_DATA BELOW_
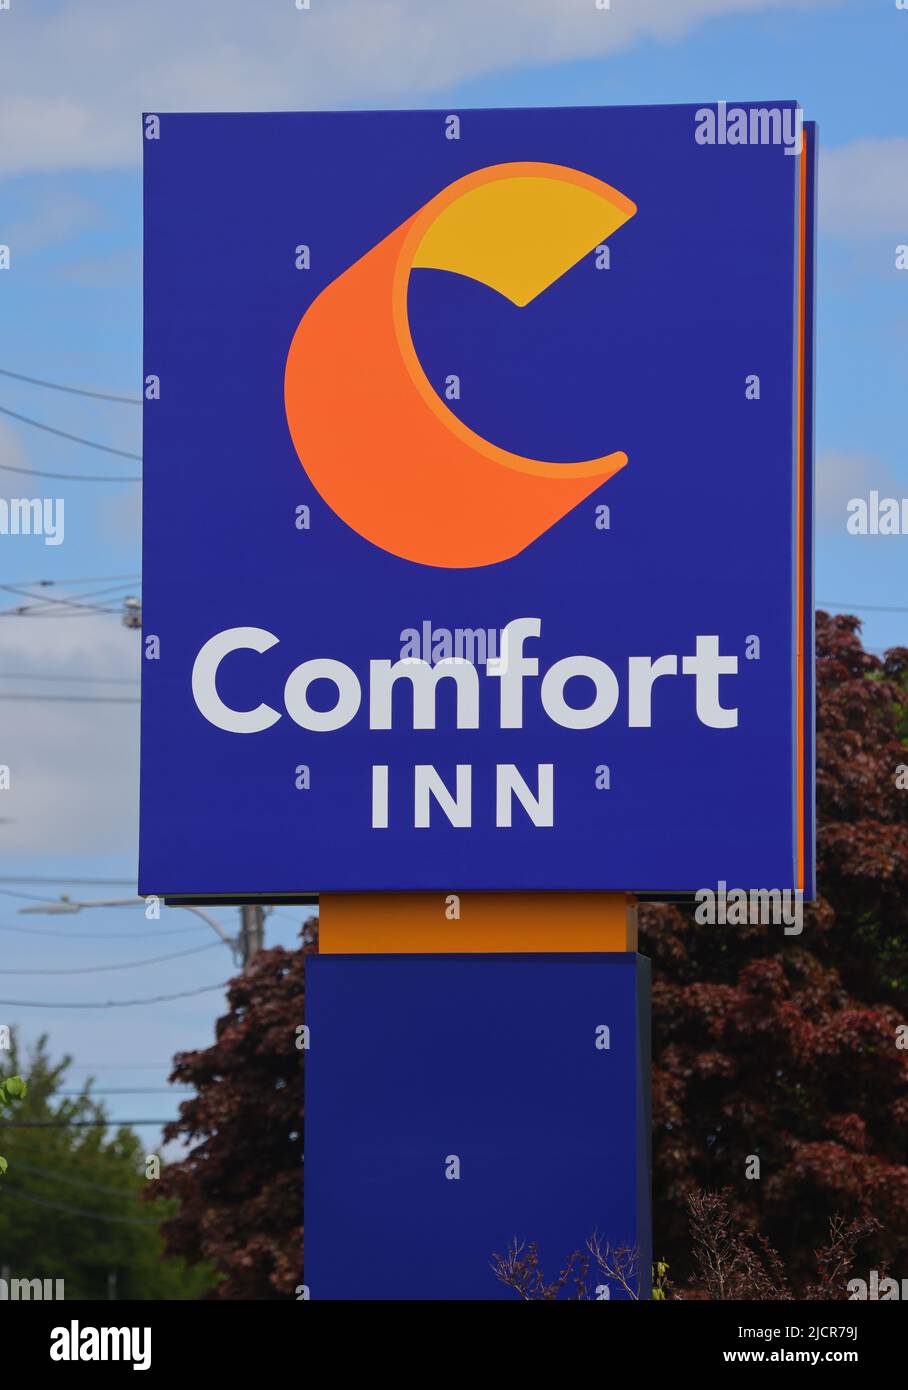 Das Schild des Comfort Inn Hotels befindet sich vor dem Hotel. Comfort Inn ist eine mittelklassige Hotelkette, die Teil der Gastfreundschaft ist. HALIFAX, NOVA SCOTIA, KANADA - JUNI 22 Stockfoto
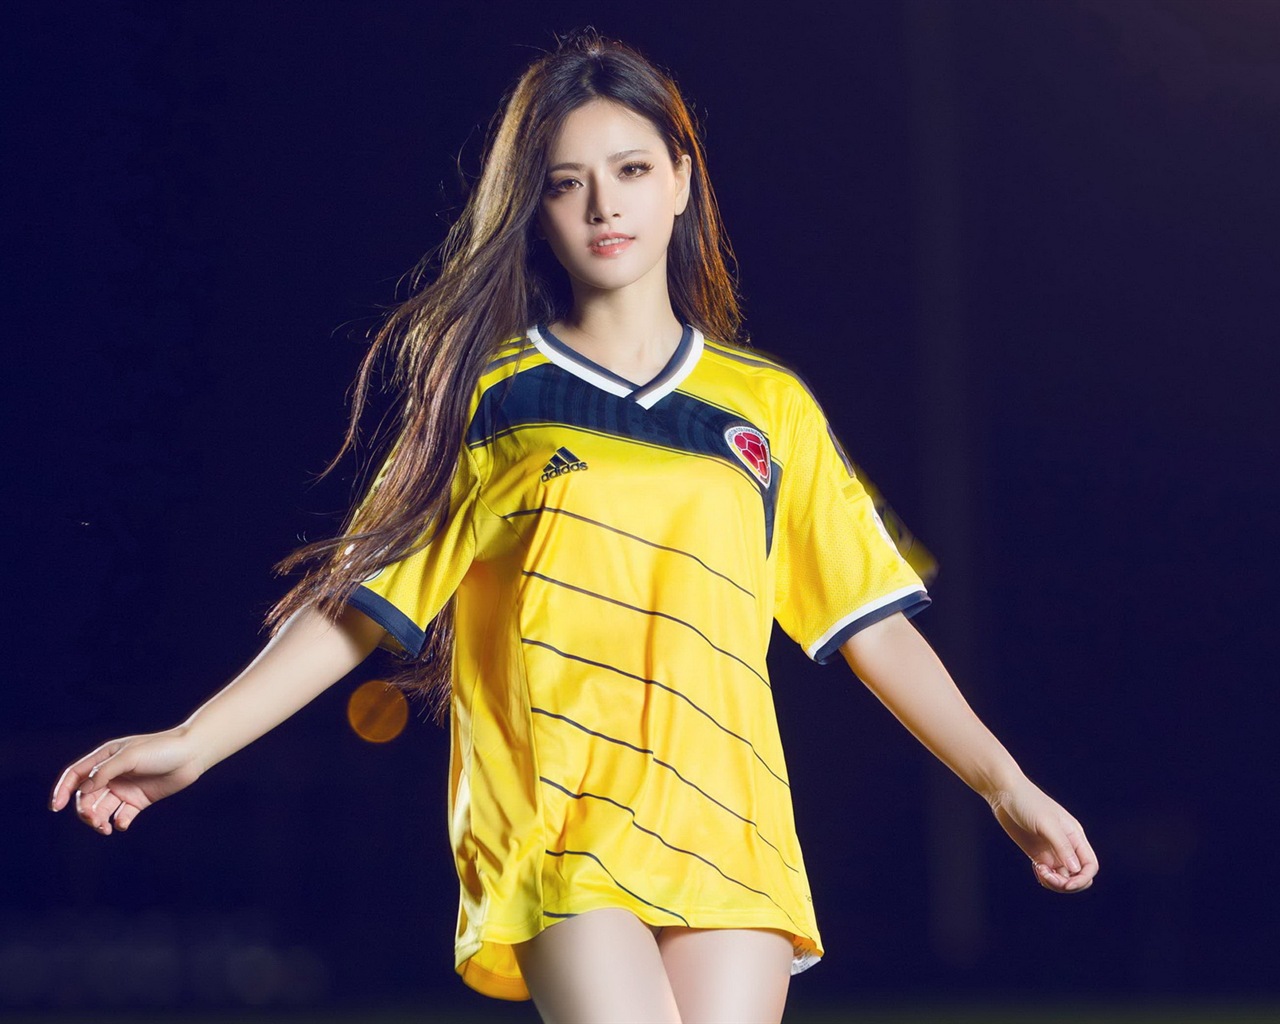 32 camisetas de la Copa del Mundo de fútbol, bebé wallpapers hermosas chicas HD #29 - 1280x1024
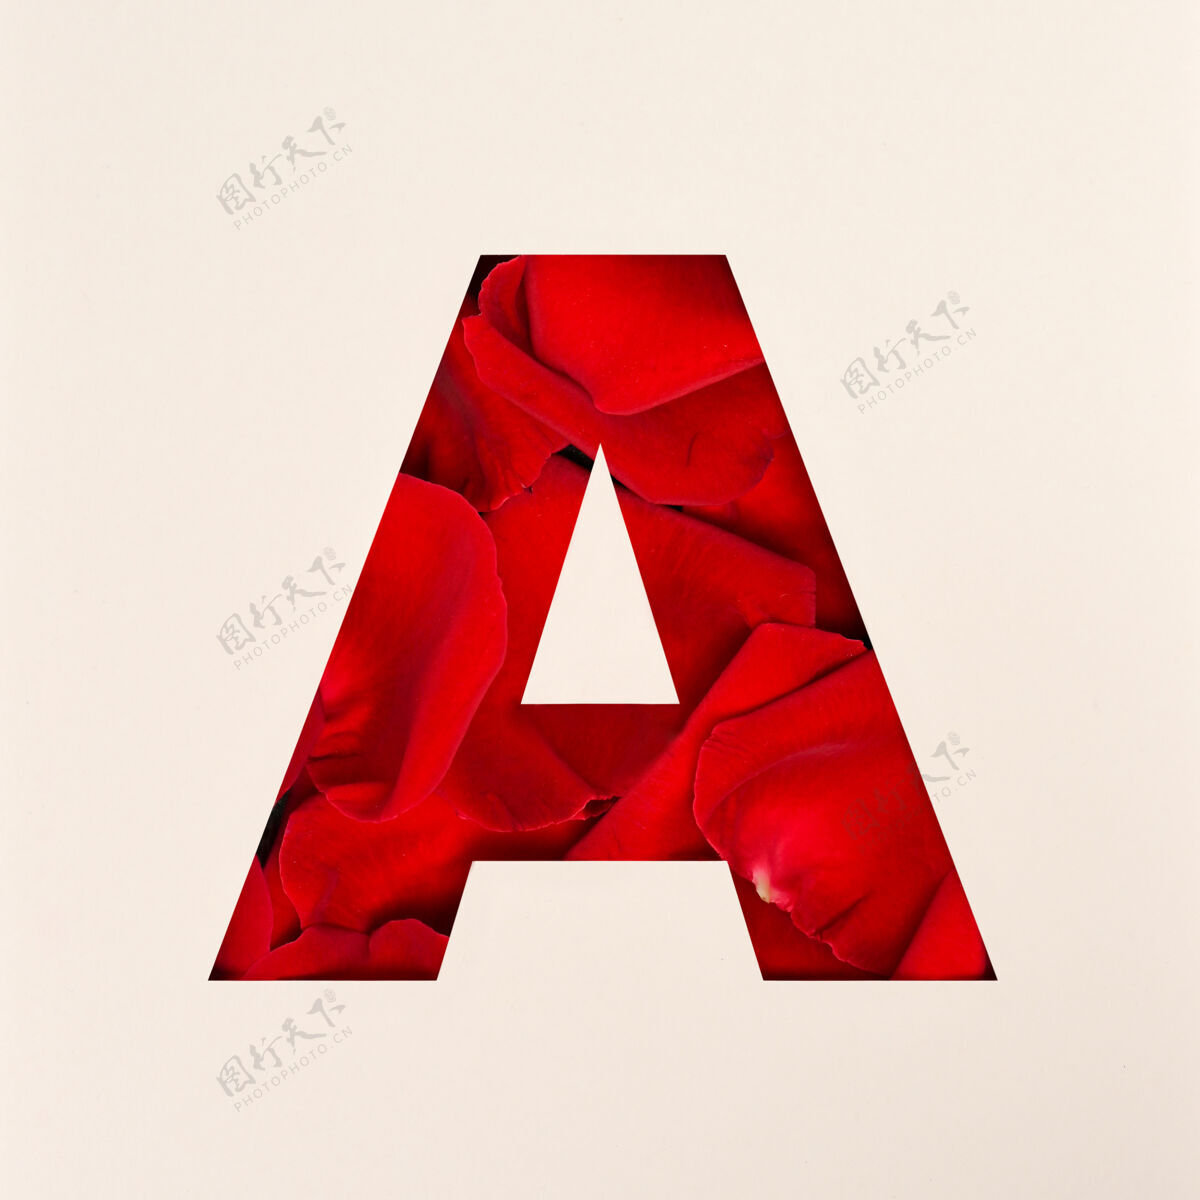 字母表字体设计 抽象的玫瑰花瓣字母字体 逼真的花卉排版-a花字母玫瑰

_PROBLEM_
Once the line holding "32 camisetas de" is found, copy it and each later line exactly through the end of the data, leaving out the pictures.

_EXERCISE OUTPUT_
 32 camisetas de la Copa del Mundo de fútbol, bebé wallpapers hermosas chicas HD #29 - 1280x1024
 字母表字体设计 抽象的玫瑰花瓣字母字体 逼真的花卉排版-a花字母玫瑰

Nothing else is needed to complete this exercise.